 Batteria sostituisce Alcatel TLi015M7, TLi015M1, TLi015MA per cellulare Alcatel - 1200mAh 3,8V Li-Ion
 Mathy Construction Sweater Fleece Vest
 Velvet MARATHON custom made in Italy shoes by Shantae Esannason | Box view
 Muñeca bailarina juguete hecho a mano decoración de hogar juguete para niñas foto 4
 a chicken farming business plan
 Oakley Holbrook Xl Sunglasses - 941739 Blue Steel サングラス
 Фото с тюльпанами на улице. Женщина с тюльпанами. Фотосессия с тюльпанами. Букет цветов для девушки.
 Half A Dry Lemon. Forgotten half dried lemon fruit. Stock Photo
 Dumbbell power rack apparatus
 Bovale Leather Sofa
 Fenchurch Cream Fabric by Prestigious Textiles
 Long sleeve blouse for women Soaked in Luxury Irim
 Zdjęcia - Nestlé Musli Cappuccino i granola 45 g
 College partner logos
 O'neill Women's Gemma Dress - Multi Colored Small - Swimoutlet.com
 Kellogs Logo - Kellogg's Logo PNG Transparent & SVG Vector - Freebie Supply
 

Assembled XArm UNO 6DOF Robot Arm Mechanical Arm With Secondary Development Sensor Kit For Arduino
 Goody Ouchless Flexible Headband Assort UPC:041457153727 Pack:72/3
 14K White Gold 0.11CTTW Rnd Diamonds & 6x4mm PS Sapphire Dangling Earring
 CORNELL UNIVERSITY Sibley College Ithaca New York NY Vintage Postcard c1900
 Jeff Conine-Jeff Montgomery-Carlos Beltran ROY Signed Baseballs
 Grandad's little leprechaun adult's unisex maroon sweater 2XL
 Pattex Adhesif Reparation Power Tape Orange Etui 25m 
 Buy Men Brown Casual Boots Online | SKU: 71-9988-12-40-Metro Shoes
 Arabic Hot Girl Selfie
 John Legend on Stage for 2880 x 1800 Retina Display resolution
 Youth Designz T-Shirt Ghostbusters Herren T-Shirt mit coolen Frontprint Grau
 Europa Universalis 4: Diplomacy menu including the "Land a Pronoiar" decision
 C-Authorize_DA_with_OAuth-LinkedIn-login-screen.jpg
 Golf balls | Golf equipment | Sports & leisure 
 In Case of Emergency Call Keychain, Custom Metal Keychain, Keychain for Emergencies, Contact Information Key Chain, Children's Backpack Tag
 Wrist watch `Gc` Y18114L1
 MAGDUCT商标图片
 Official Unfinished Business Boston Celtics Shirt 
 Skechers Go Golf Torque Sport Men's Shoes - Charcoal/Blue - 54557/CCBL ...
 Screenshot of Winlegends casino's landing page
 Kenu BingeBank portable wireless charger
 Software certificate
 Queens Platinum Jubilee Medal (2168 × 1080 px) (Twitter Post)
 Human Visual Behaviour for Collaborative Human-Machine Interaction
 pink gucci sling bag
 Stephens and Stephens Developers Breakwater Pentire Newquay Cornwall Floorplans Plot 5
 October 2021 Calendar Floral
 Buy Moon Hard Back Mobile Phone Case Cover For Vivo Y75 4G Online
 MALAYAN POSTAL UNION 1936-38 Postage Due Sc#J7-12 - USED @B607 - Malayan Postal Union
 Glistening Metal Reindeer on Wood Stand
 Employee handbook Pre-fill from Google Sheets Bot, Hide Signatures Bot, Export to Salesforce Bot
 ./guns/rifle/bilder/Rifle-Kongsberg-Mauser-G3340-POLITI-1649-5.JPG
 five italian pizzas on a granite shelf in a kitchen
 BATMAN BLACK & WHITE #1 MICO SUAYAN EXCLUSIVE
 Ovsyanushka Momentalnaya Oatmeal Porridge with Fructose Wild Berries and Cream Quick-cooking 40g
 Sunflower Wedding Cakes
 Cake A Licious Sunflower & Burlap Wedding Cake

· · · · · · ·

— Requirement —
Make an exact copy of every line from the one with "Sunflower Wedding Cakes" to the end of the data, with the first and last of those lines included.

— The answer —
 Sunflower Wedding Cakes
 Cake A Licious Sunflower & Burlap Wedding Cake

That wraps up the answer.